Financial Markets in August
- The TSX delivered a 4.8% price return and a 5.0% total return (incl. dividends) in August, boosting the year-to-date returns to 15.5% and 17.6%, respectively. Meanwhile, the S&P 500 posted a 1.9% price return and 2.0% total return during the month, with year-to-date returns of 9.8% and 10.8%, respectively, all in local currency.
- U.S. equity markets continued to climb in August as 2Q25 earnings season wrapped up with ~80% of S&P 500 companies beating expectations, with y/y earnings growth of ~12%. The Mag 7 and Tech have remained key drivers in YTD performance, as A.I. enthusiasm and capex spending continues, although we saw some rotation in August as Materials, Health Care, and Energy were top performers.
- In Canada, we are increasing our year-end target on the TSX Composite index to 29,900 from 28,600, as we just completed a positive 2Q25 earnings season and forecasts are rising for 2026. We are also gaining more confidence in a positive outcome from Canada-U.S. trade and security talks and as the USMCA continues to shield the majority of Canada’s exports to the U.S. from the effect of tariffs, despite continued pain in certain sectors. We do expect more volatility in 2H25 however, as there remains pressure from trade tensions and headline risks as we advance towards a more stable 2026.
Upcoming
- Tariff frameworks are becoming clearer for more countries, but we are still waiting for details on any trade and security deal between Canada and the U.S. Multiple deadlines have past, and even once we see whatever framework is established in this round of discussions, focus will quickly shift to the USMCA renegotiation in 2026, since that agreement has effectively shielded many Canadian products and industries from the broader tariff threats and announcements. A new Court of Appeals ruling has supported the U.S. Court of International Trade’s ruling that the President did not have the authority under IEEPA to implement the broad tariffs that have dominated headlines for seven months. While Trump has multiple avenues to achieve similar ends, the Supreme Court will ultimately decide the path of these tariffs. President Trump has asked for an expedited ruling, but that would still likely only be revealed in early 2026. A significantly disruptive aspect could be the reimbursement of over US$62 billion in IEEPA-related tariffs collected so far.

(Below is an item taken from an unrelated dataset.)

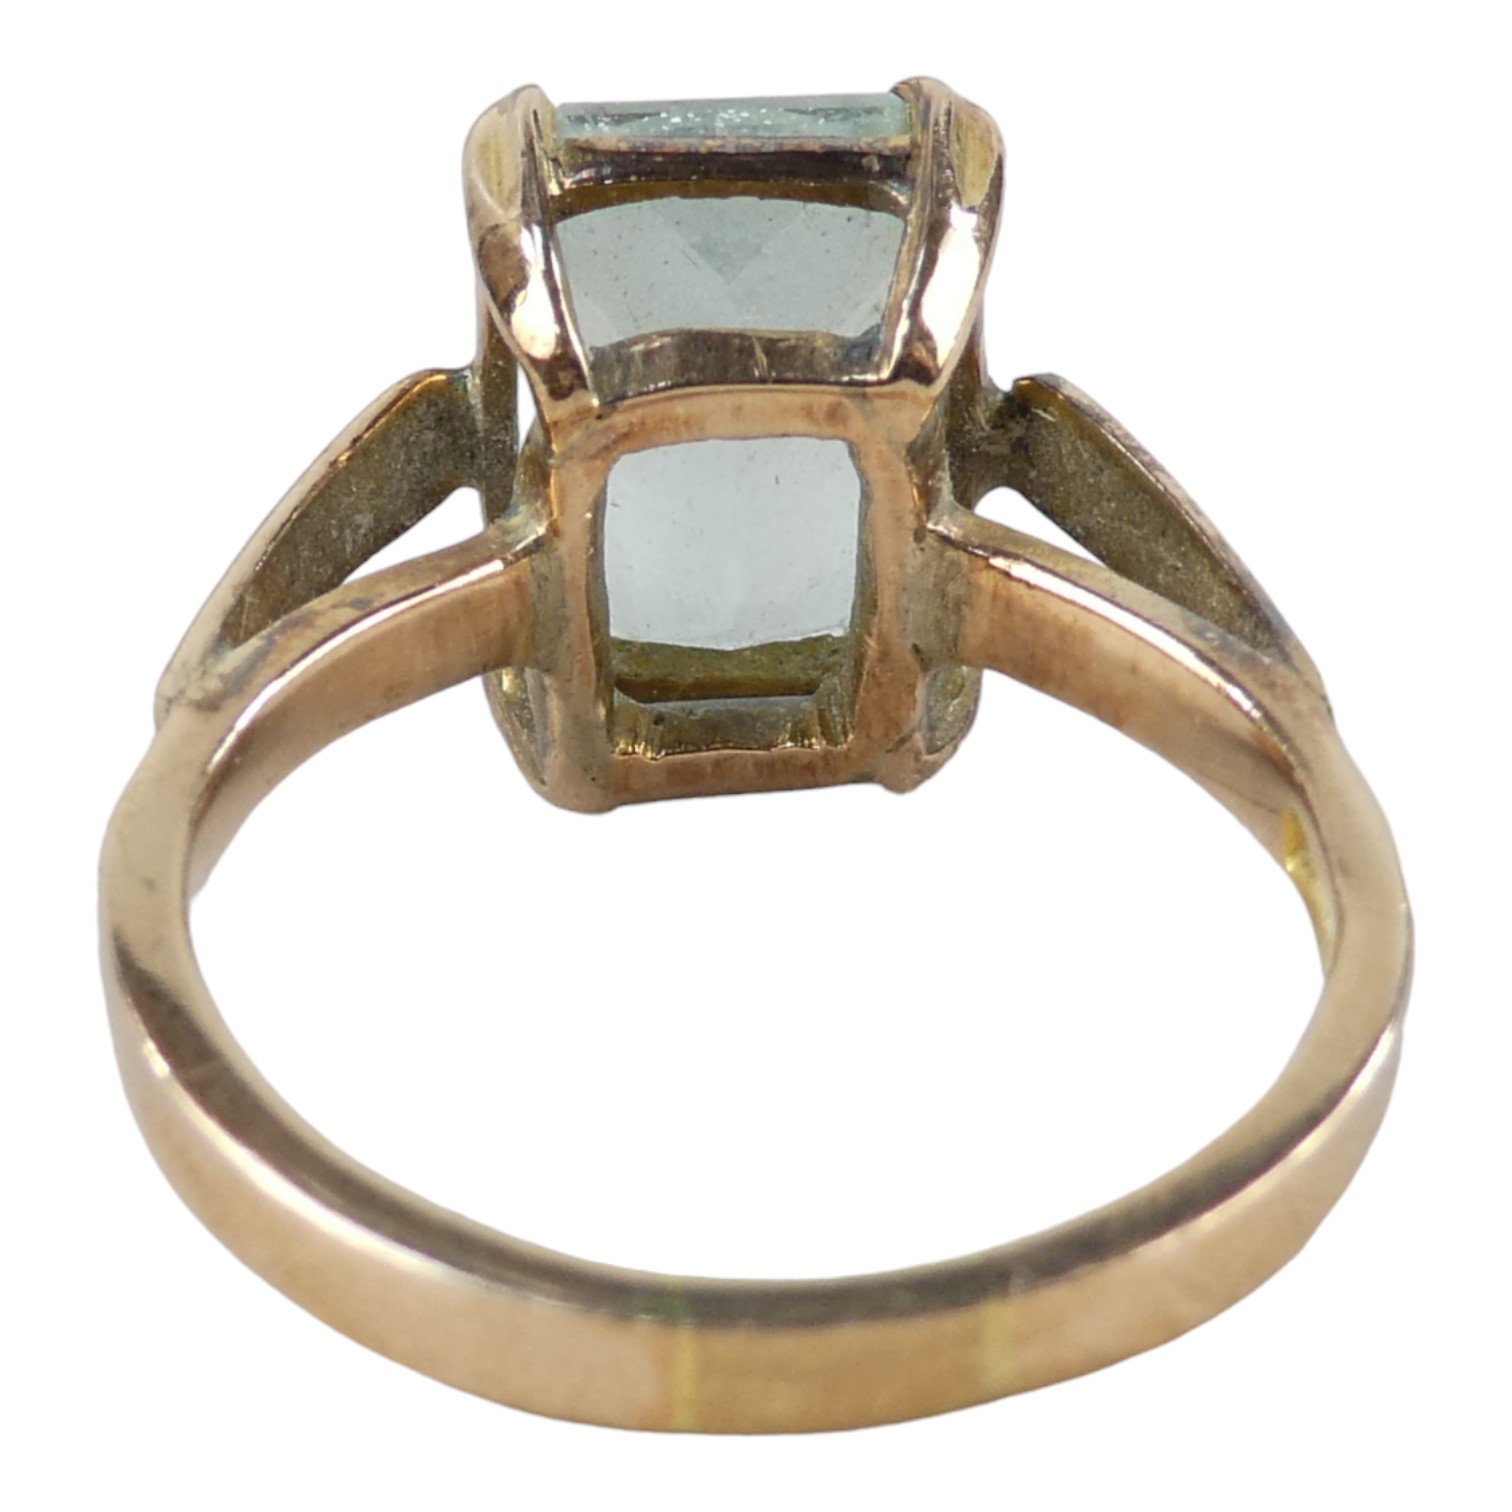 A 15ct gold ring - claw set with an emerald cut light blue stone, size O, weight 4.8g. - Image 4 of 4

- The BoC forecast is for Canadian GDP of +1.0% in 2H25 as the volatility from tariff front-running normalizes and businesses adjust to new tariff levels and supply chain adjustments, although any major revision to the USMCA, which currently protects 80-95% of Canadian exports to the U.S. from tariffs, could require a revision to that forecast.
- Both the U.S. Fed and BoC are expected to announce any updates to policy interest rates on September 17. We expect to see 25 bps cuts on both sides of the border, with further easing into the end of 2025, plus more cuts from the Fed in 2026.